**Exercise requirements:** Pictures in the entries below are excluded; copy only the lines from the one containing "Hotelzimmer & Preise" to the one containing "Official Team Bonnet Irlande", both included.

Supplied records below:

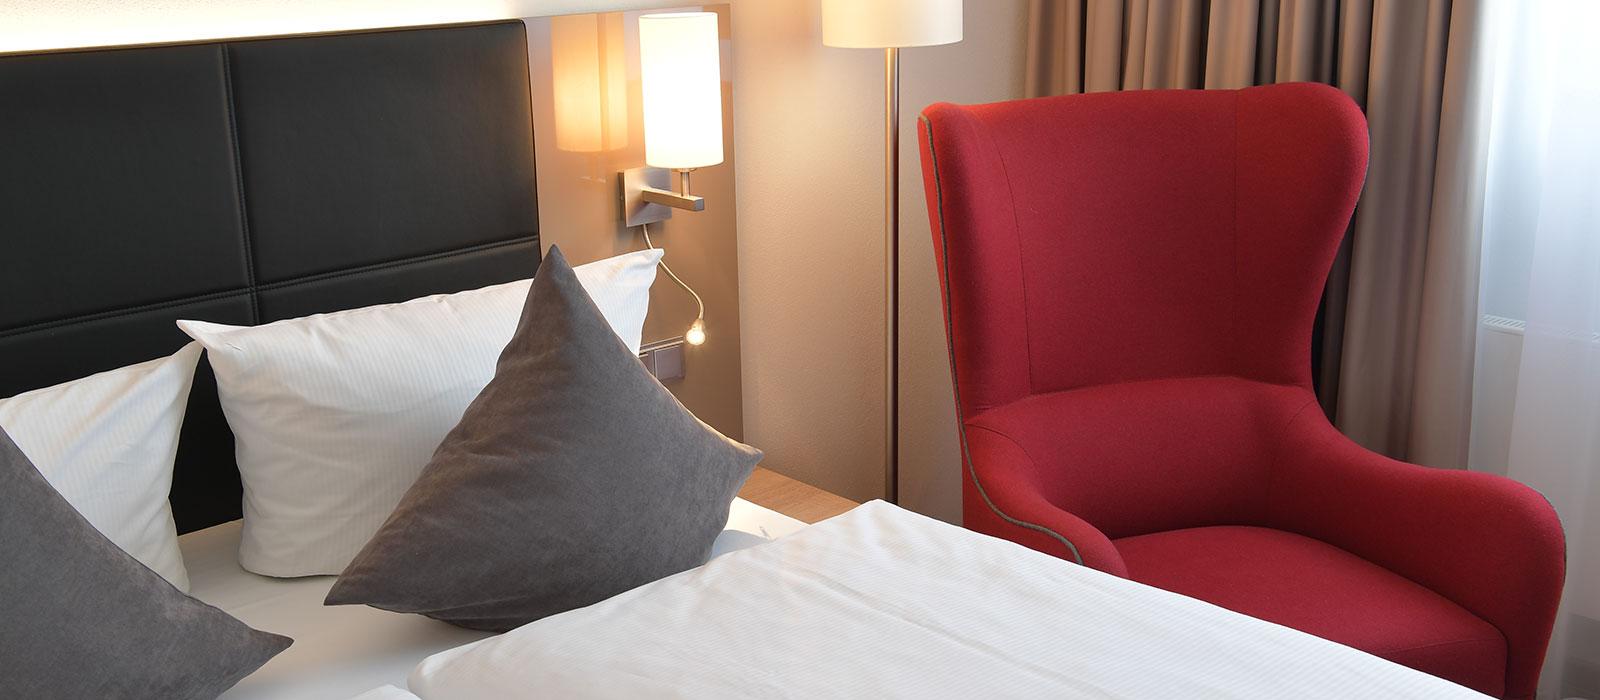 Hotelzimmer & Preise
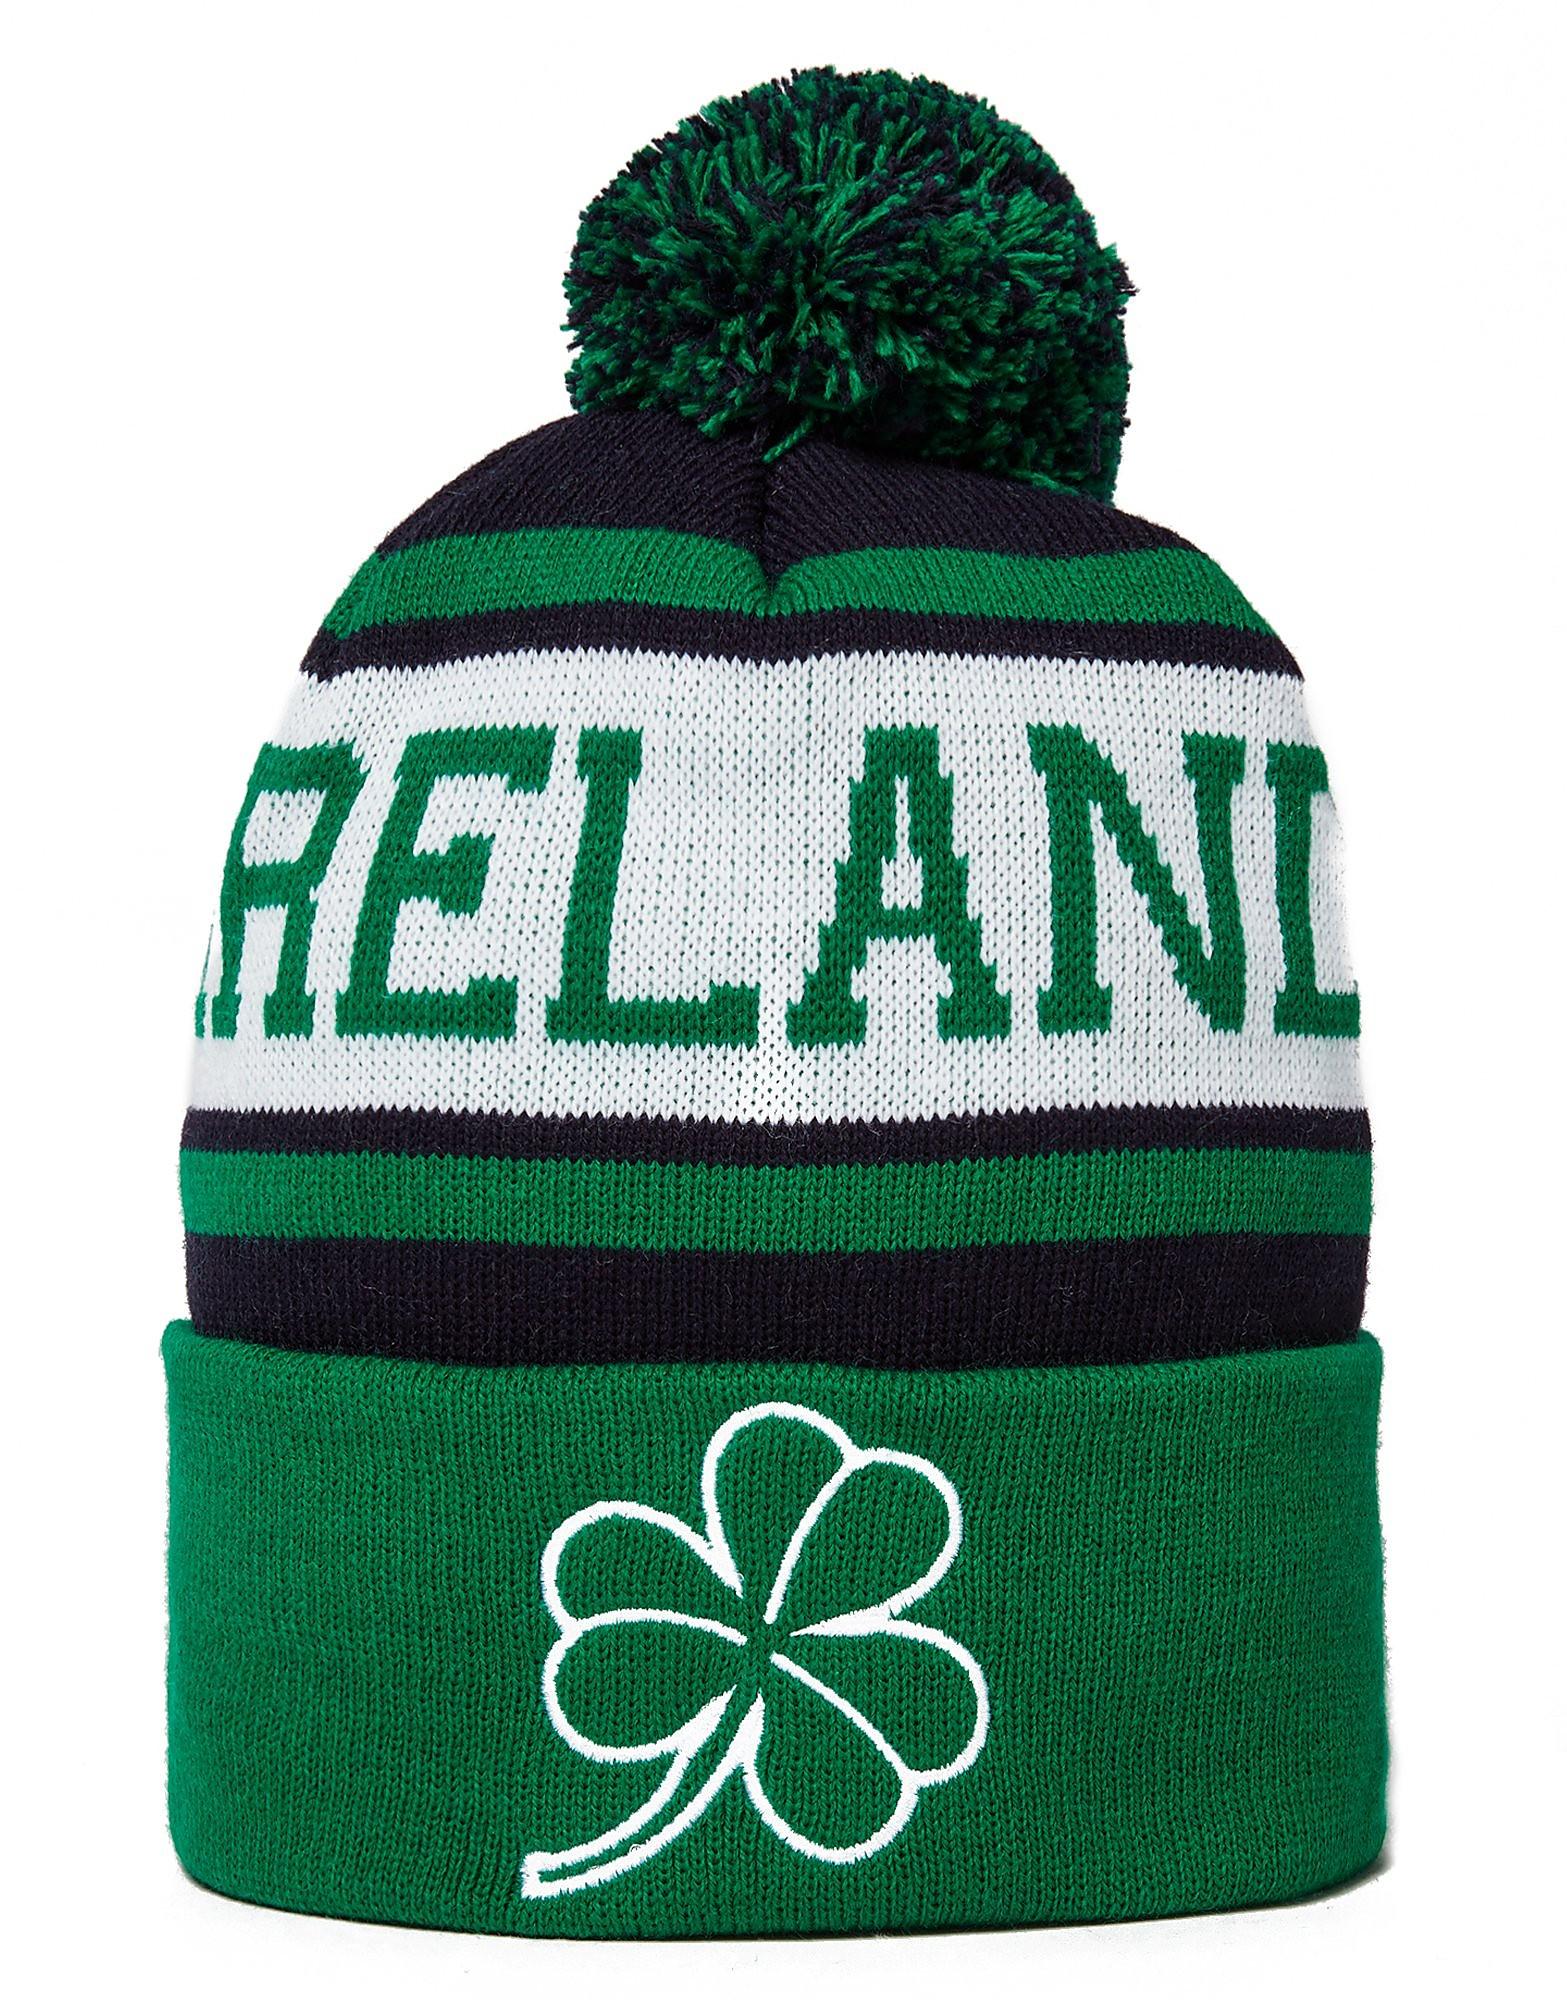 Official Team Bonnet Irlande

End of Supplied records.
Supplied records below:

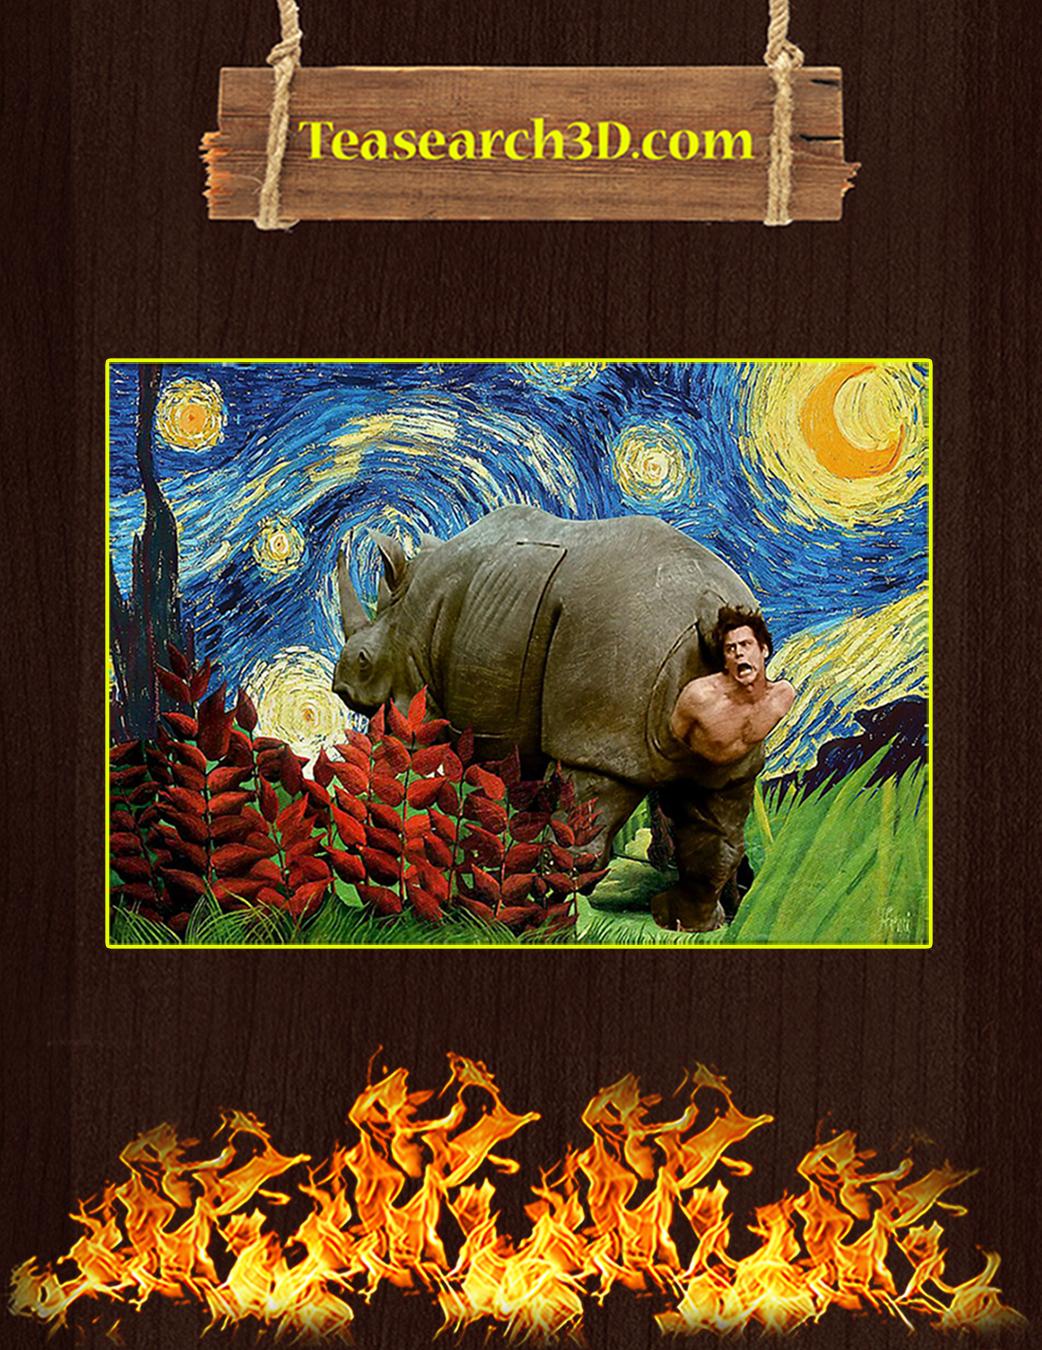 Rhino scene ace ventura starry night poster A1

End of Supplied records.

**Solution:**
 Hotelzimmer & Preise
 Official Team Bonnet Irlande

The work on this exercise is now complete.